TASK DATA.
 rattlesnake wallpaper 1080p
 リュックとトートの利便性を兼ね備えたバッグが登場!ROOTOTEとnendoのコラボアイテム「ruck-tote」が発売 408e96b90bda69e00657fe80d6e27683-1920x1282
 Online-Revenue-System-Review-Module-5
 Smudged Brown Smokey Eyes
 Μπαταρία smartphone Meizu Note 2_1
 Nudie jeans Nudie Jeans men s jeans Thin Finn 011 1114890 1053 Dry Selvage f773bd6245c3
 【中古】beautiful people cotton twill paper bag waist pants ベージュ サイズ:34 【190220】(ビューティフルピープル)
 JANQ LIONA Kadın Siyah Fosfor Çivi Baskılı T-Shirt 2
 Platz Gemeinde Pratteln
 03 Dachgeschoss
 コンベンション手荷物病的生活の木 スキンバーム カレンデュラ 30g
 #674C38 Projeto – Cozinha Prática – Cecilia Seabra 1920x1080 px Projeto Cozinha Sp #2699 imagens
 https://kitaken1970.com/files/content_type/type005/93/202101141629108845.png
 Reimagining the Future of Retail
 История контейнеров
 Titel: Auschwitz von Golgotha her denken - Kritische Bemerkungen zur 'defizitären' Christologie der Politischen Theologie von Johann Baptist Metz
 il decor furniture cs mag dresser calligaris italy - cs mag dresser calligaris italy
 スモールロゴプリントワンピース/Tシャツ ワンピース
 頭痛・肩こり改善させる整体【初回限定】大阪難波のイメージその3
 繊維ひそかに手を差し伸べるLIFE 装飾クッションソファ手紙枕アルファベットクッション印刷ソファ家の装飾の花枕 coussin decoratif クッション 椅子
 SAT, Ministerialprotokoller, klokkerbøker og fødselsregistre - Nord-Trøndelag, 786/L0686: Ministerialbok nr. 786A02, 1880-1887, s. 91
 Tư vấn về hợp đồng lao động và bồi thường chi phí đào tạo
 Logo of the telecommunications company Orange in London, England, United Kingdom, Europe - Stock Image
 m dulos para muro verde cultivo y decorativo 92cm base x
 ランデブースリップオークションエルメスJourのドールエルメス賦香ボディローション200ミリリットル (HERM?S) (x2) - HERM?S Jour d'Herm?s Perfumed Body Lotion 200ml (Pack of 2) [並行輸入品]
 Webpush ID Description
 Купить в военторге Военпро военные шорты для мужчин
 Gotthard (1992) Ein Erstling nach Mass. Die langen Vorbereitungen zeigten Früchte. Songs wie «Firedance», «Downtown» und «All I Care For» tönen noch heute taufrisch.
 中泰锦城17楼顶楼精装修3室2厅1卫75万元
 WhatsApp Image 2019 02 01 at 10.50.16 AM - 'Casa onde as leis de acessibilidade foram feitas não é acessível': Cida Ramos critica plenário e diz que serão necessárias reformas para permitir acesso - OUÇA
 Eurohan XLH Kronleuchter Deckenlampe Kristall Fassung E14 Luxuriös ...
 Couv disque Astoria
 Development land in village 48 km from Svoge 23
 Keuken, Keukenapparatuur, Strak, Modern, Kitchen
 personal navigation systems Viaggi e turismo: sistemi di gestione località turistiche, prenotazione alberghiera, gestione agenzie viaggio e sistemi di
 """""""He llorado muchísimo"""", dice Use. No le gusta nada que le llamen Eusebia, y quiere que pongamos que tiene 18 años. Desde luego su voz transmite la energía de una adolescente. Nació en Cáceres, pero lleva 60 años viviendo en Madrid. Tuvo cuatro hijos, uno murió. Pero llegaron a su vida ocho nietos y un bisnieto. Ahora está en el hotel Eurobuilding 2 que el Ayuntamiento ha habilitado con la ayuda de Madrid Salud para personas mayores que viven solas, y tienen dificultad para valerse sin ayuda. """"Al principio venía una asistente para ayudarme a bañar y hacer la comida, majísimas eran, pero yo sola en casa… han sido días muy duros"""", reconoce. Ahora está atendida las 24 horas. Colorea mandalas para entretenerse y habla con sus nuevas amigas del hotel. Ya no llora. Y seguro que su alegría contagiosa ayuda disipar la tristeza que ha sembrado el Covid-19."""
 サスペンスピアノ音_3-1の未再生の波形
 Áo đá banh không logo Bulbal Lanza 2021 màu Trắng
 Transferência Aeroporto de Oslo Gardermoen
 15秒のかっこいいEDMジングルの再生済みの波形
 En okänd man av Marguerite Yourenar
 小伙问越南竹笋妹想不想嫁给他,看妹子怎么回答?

WHAT NEEDS TO BE DONE.
All that is wanted is the run of lines from the start of the data through the line containing "中泰锦城17楼顶楼精装修3室2厅1卫75万元", copied word for word.

ANSWER AREA.
 rattlesnake wallpaper 1080p
 リュックとトートの利便性を兼ね備えたバッグが登場!ROOTOTEとnendoのコラボアイテム「ruck-tote」が発売 408e96b90bda69e00657fe80d6e27683-1920x1282
 Online-Revenue-System-Review-Module-5
 Smudged Brown Smokey Eyes
 Μπαταρία smartphone Meizu Note 2_1
 Nudie jeans Nudie Jeans men s jeans Thin Finn 011 1114890 1053 Dry Selvage f773bd6245c3
 【中古】beautiful people cotton twill paper bag waist pants ベージュ サイズ:34 【190220】(ビューティフルピープル)
 JANQ LIONA Kadın Siyah Fosfor Çivi Baskılı T-Shirt 2
 Platz Gemeinde Pratteln
 03 Dachgeschoss
 コンベンション手荷物病的生活の木 スキンバーム カレンデュラ 30g
 #674C38 Projeto – Cozinha Prática – Cecilia Seabra 1920x1080 px Projeto Cozinha Sp #2699 imagens
 https://kitaken1970.com/files/content_type/type005/93/202101141629108845.png
 Reimagining the Future of Retail
 История контейнеров
 Titel: Auschwitz von Golgotha her denken - Kritische Bemerkungen zur 'defizitären' Christologie der Politischen Theologie von Johann Baptist Metz
 il decor furniture cs mag dresser calligaris italy - cs mag dresser calligaris italy
 スモールロゴプリントワンピース/Tシャツ ワンピース
 頭痛・肩こり改善させる整体【初回限定】大阪難波のイメージその3
 繊維ひそかに手を差し伸べるLIFE 装飾クッションソファ手紙枕アルファベットクッション印刷ソファ家の装飾の花枕 coussin decoratif クッション 椅子
 SAT, Ministerialprotokoller, klokkerbøker og fødselsregistre - Nord-Trøndelag, 786/L0686: Ministerialbok nr. 786A02, 1880-1887, s. 91
 Tư vấn về hợp đồng lao động và bồi thường chi phí đào tạo
 Logo of the telecommunications company Orange in London, England, United Kingdom, Europe - Stock Image
 m dulos para muro verde cultivo y decorativo 92cm base x
 ランデブースリップオークションエルメスJourのドールエルメス賦香ボディローション200ミリリットル (HERM?S) (x2) - HERM?S Jour d'Herm?s Perfumed Body Lotion 200ml (Pack of 2) [並行輸入品]
 Webpush ID Description
 Купить в военторге Военпро военные шорты для мужчин
 Gotthard (1992) Ein Erstling nach Mass. Die langen Vorbereitungen zeigten Früchte. Songs wie «Firedance», «Downtown» und «All I Care For» tönen noch heute taufrisch.
 中泰锦城17楼顶楼精装修3室2厅1卫75万元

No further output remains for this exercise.